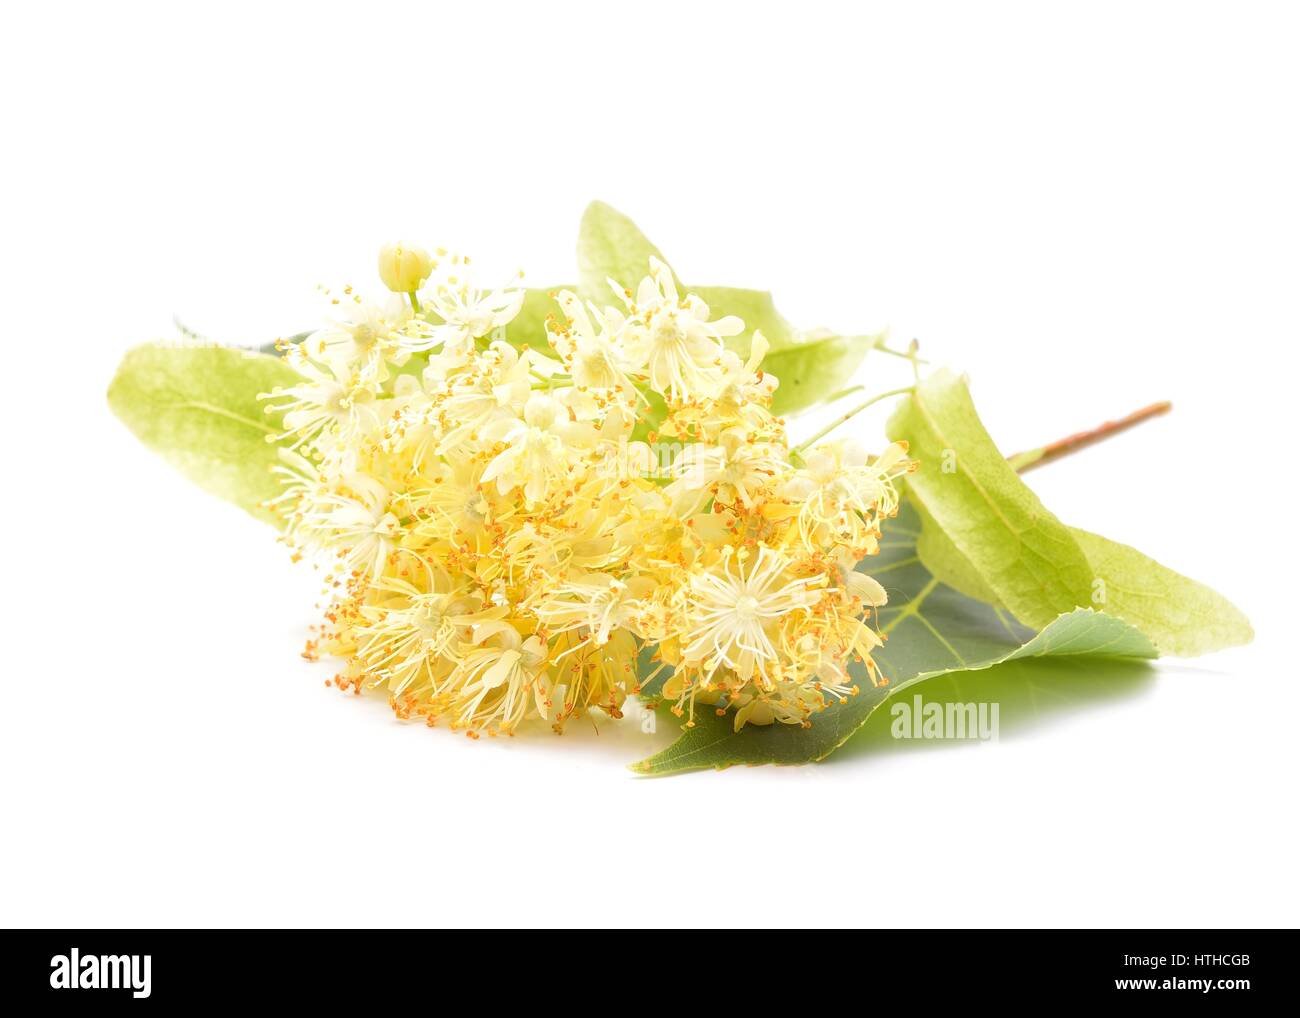 Linden (also known as lime and basswood) flowers Stock Photo
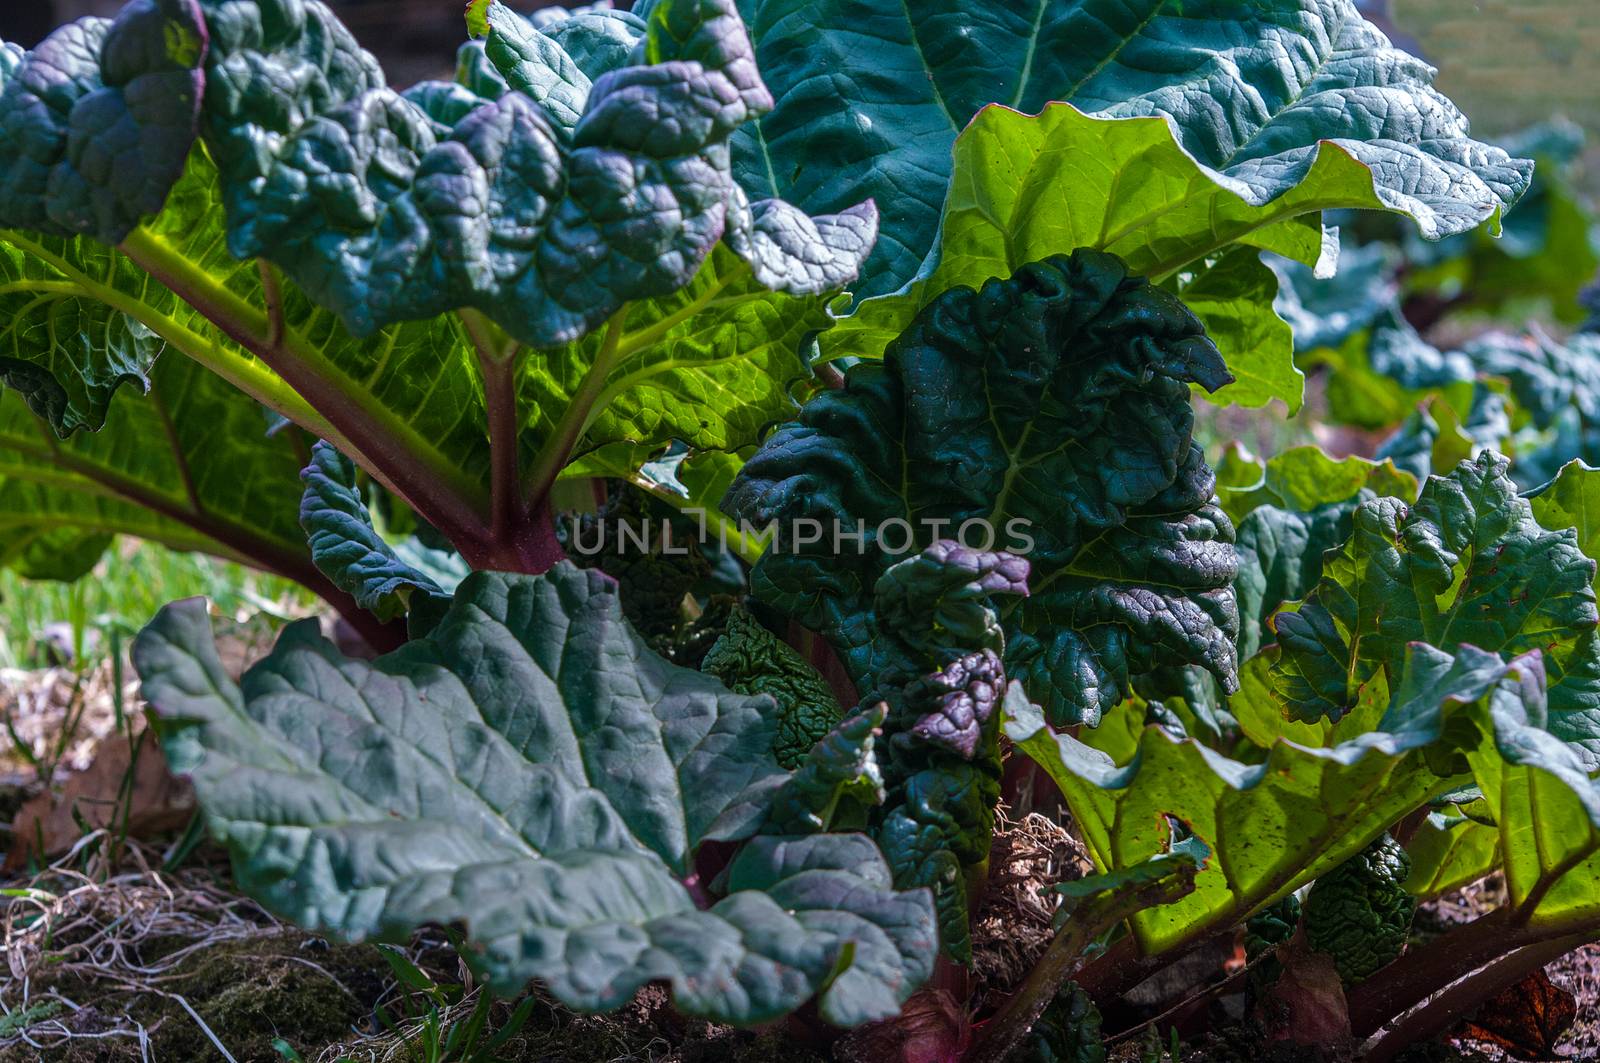  Rhubarb plant in the spring
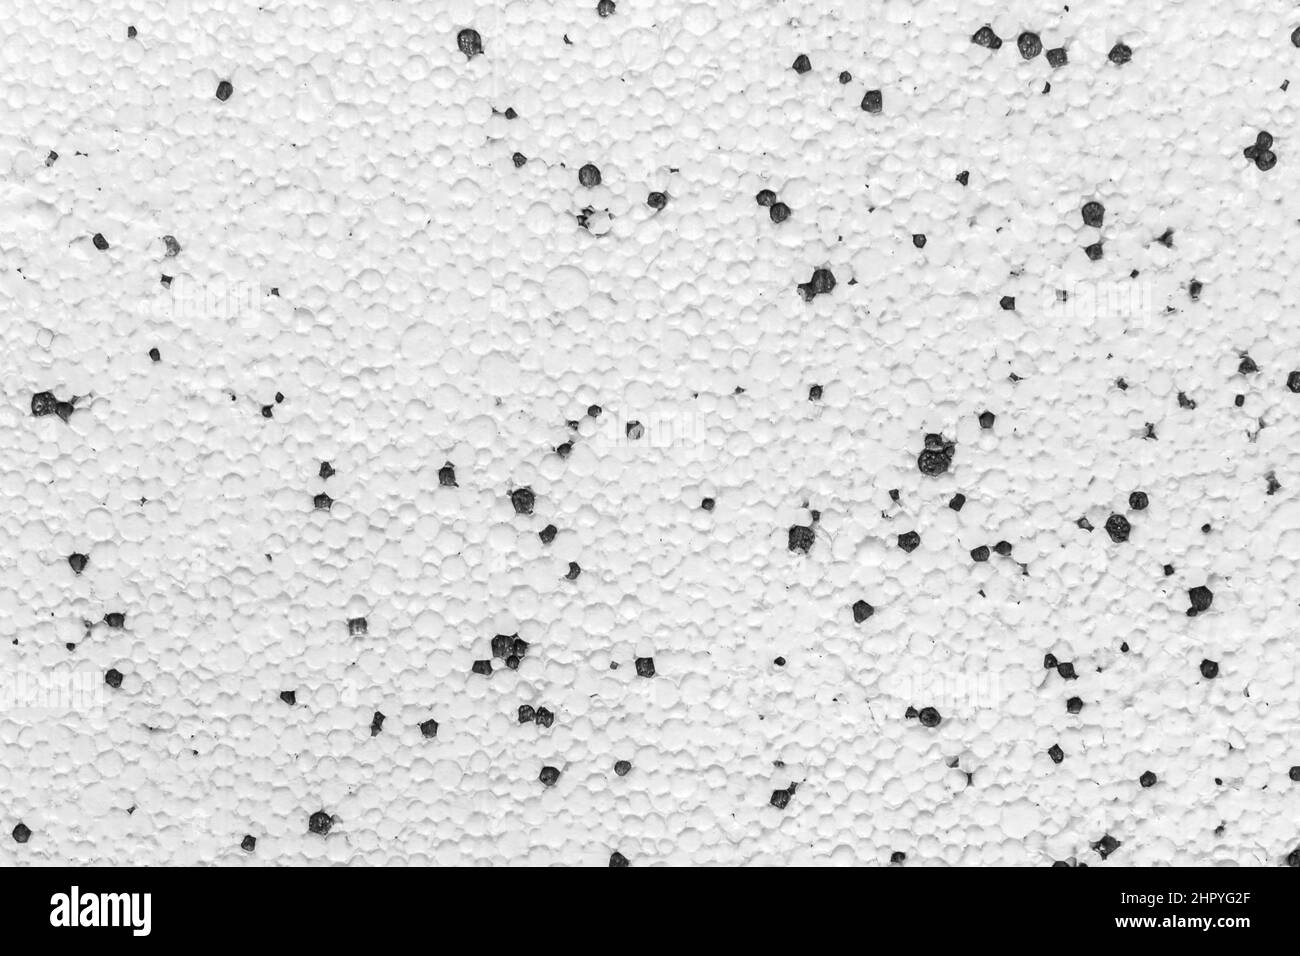 Foam block Black and White Stock Photos & Images - Alamy

Action item -> Copy exactly the lines that run from the line containing "Rhubarb plant in the spring" to the end of the data, keeping both end lines and dropping every picture.

Solution below ->
  Rhubarb plant in the spring
 Foam block Black and White Stock Photos & Images - Alamy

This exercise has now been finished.